The Cas9TX variant, which fuses Cas9 nuclease with a 3′–5′ exonuclease can also reduce translocations by promoting end processing and thus decreasing re-cutting (Yin, Fang, et al., 2022; Yin et al. 2022). This was demonstrated in HEK293T cells where Cas9TX had a reduced translocation frequency of 0.42%, compared to 1.93% of regular Cas9 nuclease (Yin et al. 2022). Cas12 is another type of CRISPR enzyme that is emerging as a promising alternative to Cas9 for genome editing (Xin et al. 2022). As shown in a recent study, Cas12 can reduce the occurrence of translocations, large deletions, and viral vector integrations when compared to regular Cas9 (Xin et al. 2022). In HEK293 cells, Cas12f variants were found to reduce translocations by two to threefold compared to Cas9 (with translocation rates of approximately 1.17% versus 3.55%, respectively), albeit with a generally lower editing efficiency (Xin et al. 2022). As novel CRISPR-editing tools continue to emerge, it is important to evaluate their effects on the occurrence of SVs, such as translocations, in addition to their editing efficiency. This would provide valuable insights into the overall performance and safety of these new systems.
Retention of SVs post editing
One way to assess the impact of SVs is by tracking their prevalence over time (see section "Clonal expansion assays"). Numerous studies have found that the occurrence of SVs decreases after several cell cycles following editing, which may be due to inhibition in cell growth during cell cycle checkpoints (Boutin et al. 2021; Turchiano et al. 2021; Yin, Lu, et al. 2022). However, the persistence or clonal expansion of a particular edit, including SVs, could indicate a mutation that is either tolerated or potentially confers a positive selective growth advantage. For example, two months following the infusion of autologous edited T cells into mice, Wu et al. found that the translocation frequency in the cell population had reduced, but translocations still persisted (0.98% in ex vivo activated T cells versus 0.17% to 0.59% in T cells two months after transplantation) (Wu et al. 2022). In this case, the authors speculated that the retention of the remaining translocations was likely due to a passenger effect from general expansion of the T cells rather than translocation-driven selection. Nonetheless, despite a trend toward decreasing numbers of SV carrying cells demonstrated in previous studies (Boutin et al. 2021; Turchiano et al. 2021; Yin et al. 2022), these studies indicate that SVs can persist for many months (Wu et al. 2022).
Current methods used to analyze CRISPR edits
The most common CRISPR-edit analysis methods typically involve the generation of short amplicons (< 1 kb) by polymerase chain reaction (PCR) spanning the edited region of interest. Amplicons are then sequenced using either Sanger or next-generation sequencing (NGS). This short amplicon sequencing is favored as it is rapid, relatively inexpensive, and well supported with user-friendly bioinformatic tools for analysis (C Li et al. 2022). The key limitation of short-amplicon sequencing is that it can only detect mutations that are housed within the relatively small amplicon, which renders it unable to detect the majority of SVs (see Fig. 1). For example, in the case of a 1 kb amplicon, deletions (i.e. a unidirectional deletion of > 500 nucleotides), translocations, or other SVs may remove a primer amplification site(s) and prevent amplification and therefore detection. Additionally, insertions or duplicated regions may push primer annealing sites apart potentially reducing amplification efficiency with standard PCR cycle settings. Therefore, short amplicon analysis cannot confirm the absence of undesired edits as it cannot detect the vast majority of SVs.

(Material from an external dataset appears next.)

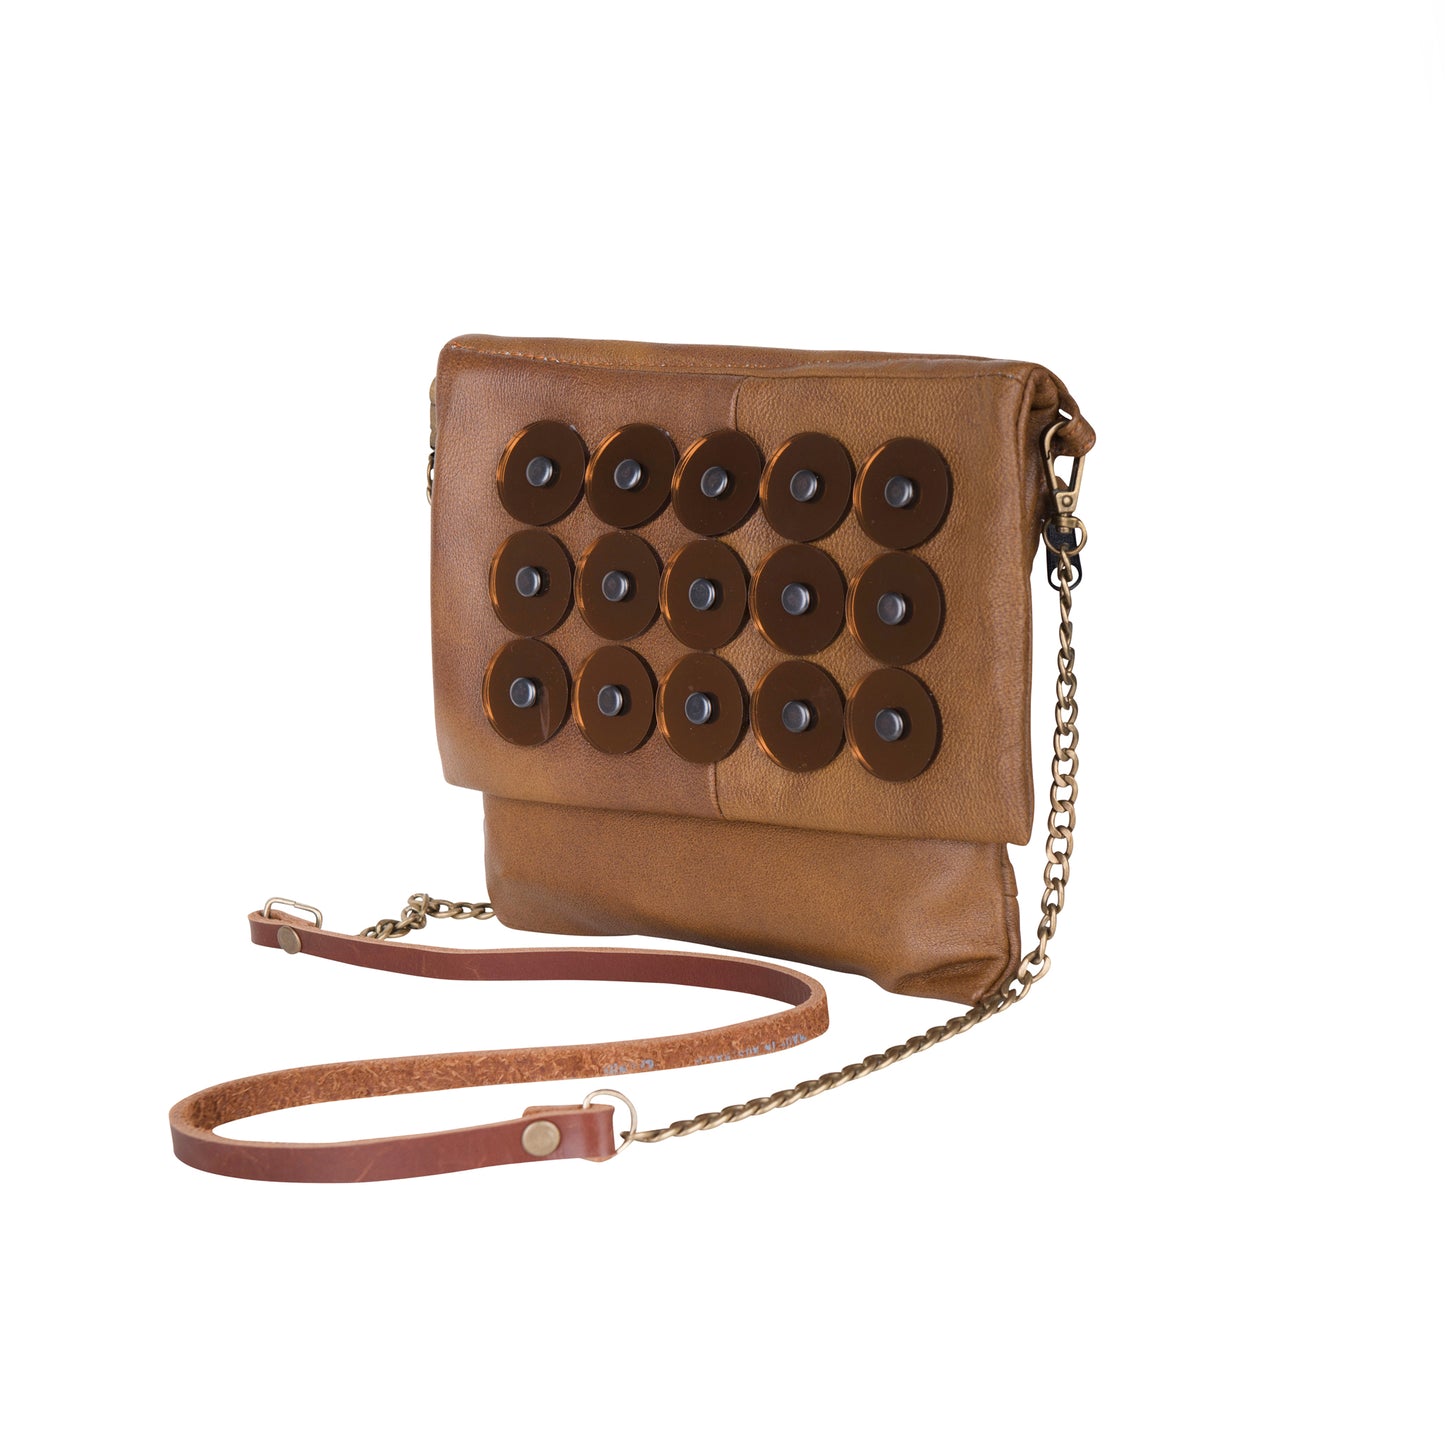 METANoIA tan recycled leather small handbag with circle copper acrylic forms fashioned into a repeative fashion with a smaller circle overlay on each form placed at a sideview.

One commonly used approach to identify off-target INDELs and certain types of SVs involves whole genome sequencing (WGS), specifically using short-read Illumina WGS (SR-WGS) (Li et al. 2019). Whole exome sequencing (WES) and total RNA sequencing (RNA-seq) are also used but have reduced scope compared to WGS as they only encompass the coding regions of the genome. A key limitation of SR-WGS is that the standard 30x genome coverage lacks the read depth to detect low-frequency mutations (INDELs or SVs) in pooled, heterozygous edited DNA. Increasing read depth would enhance the detection of rarer variants, but this comes with a significant increase in cost. Additionally, while currently available SV detection algorithms can detect high frequency SVs of all types, detection of SVs present at a frequency below 20% in pooled cell populations continues to be difficult to perform with adequate sensitivity, even at average sequencing depths exceeding 90x (Gong et al. 2021). An alternative solution is to analyze many individual clones isolated from the original mixed pool of edited cells. Although this would enable the detection of SVs (Alanis-Lobato et al. 2021; Schmidt et al. 2023; Simkin et al. 2022), this method can be expensive, labor-intensive, and would be difficult to achieve sufficient depth to identify rare variants, requiring the analysis of hundreds of cell clones, which makes it unsuitable for use in many settings.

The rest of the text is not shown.